= Exercise data =
↓↓↓
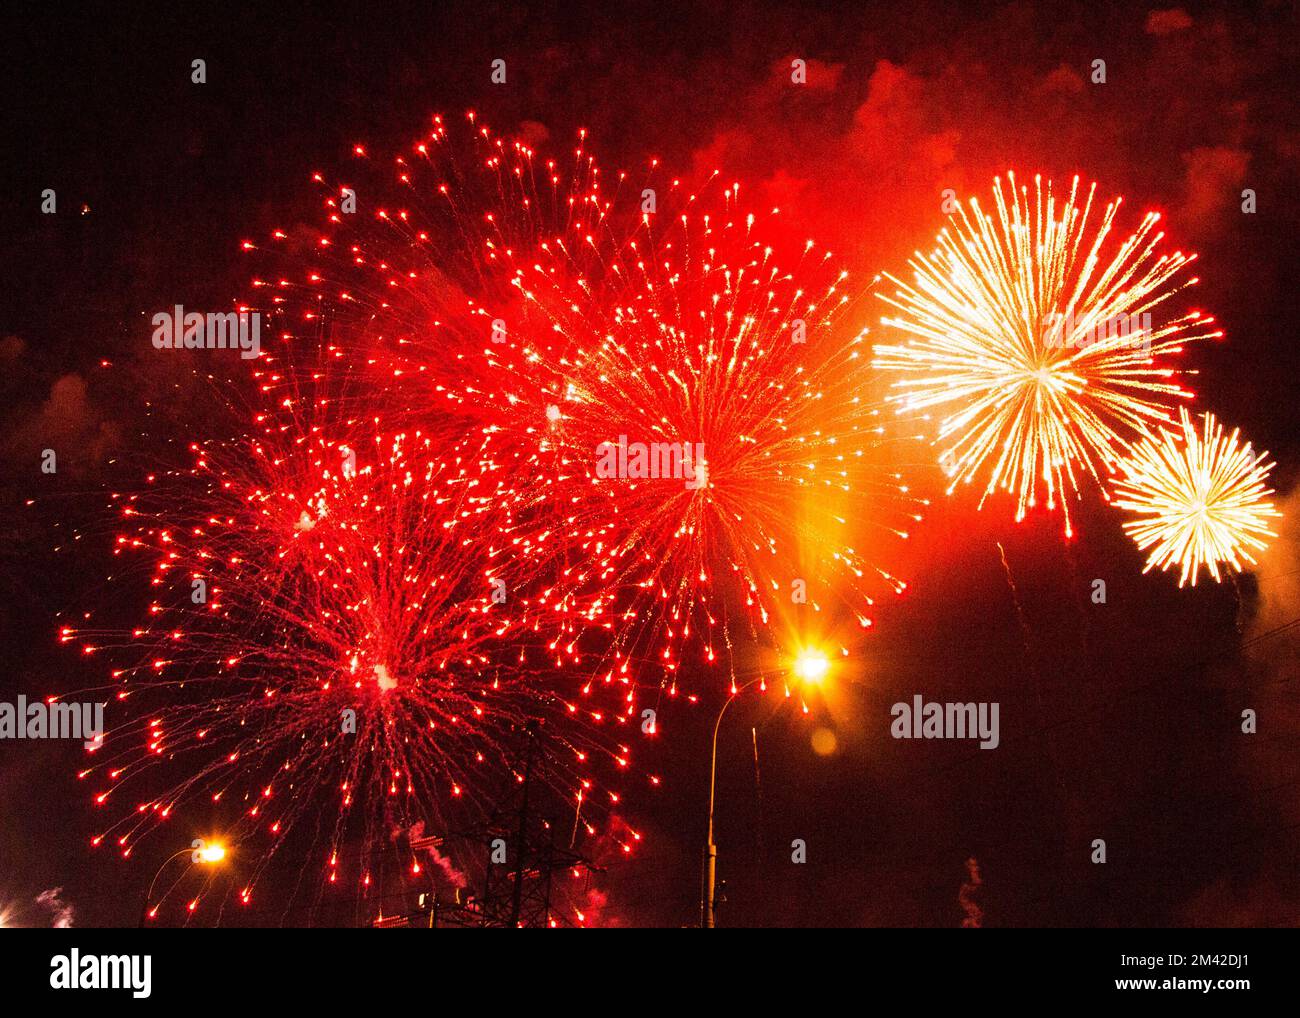 brigh tmulti-colored fireworks in the night sky Stock Photo
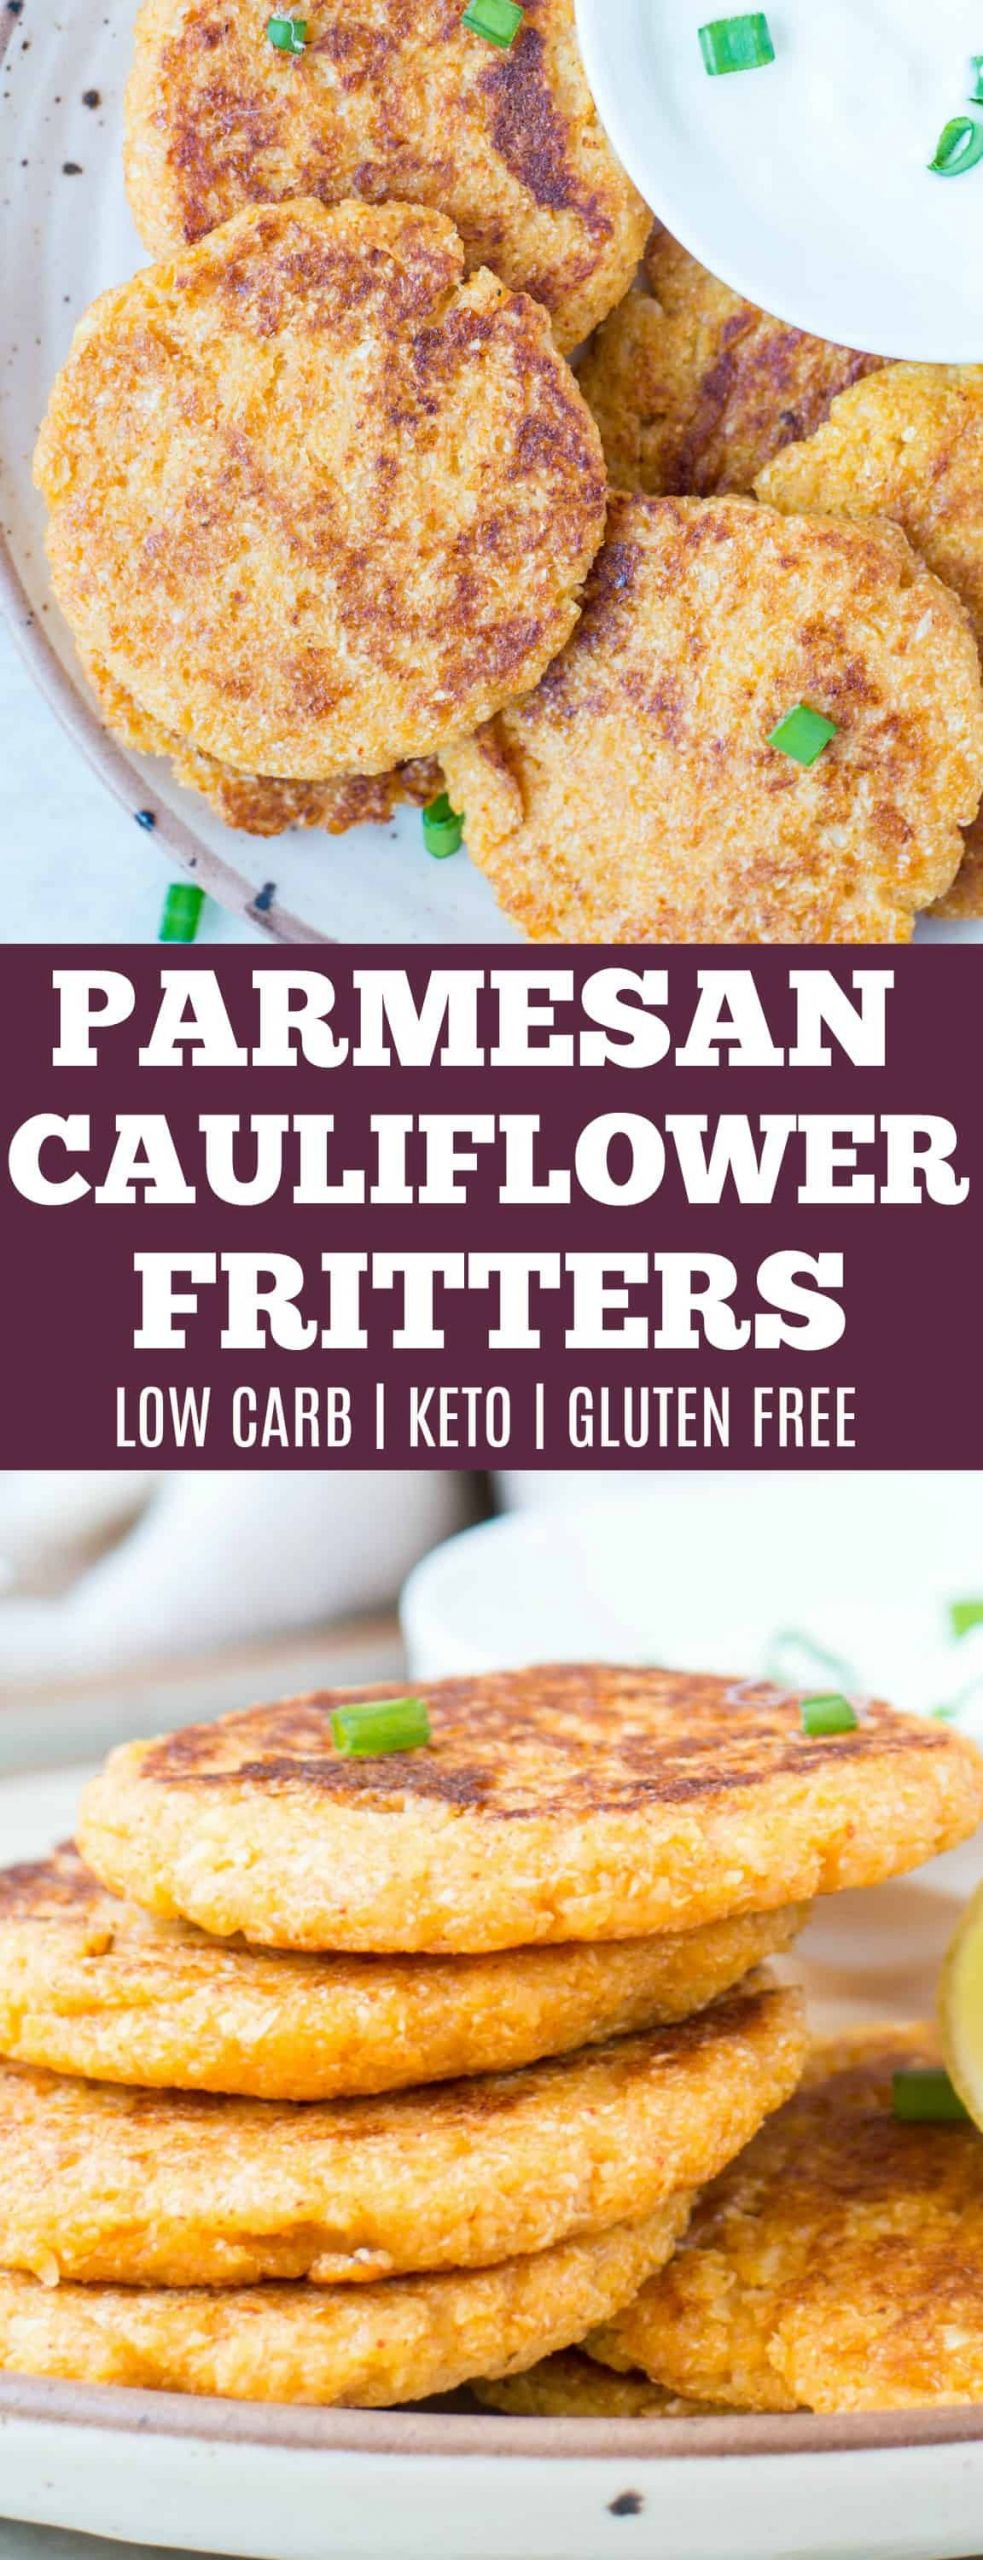 Cauliflower Keto Fritters
 PARMESAN CAULIFLOWER FRITTERS LOW CARB KETO The
↑↑↑
= What the task requires =
With the pictures removed, copy the data above word for word.

= Exercise answer =
 brigh tmulti-colored fireworks in the night sky Stock Photo
 Cauliflower Keto Fritters
 PARMESAN CAULIFLOWER FRITTERS LOW CARB KETO The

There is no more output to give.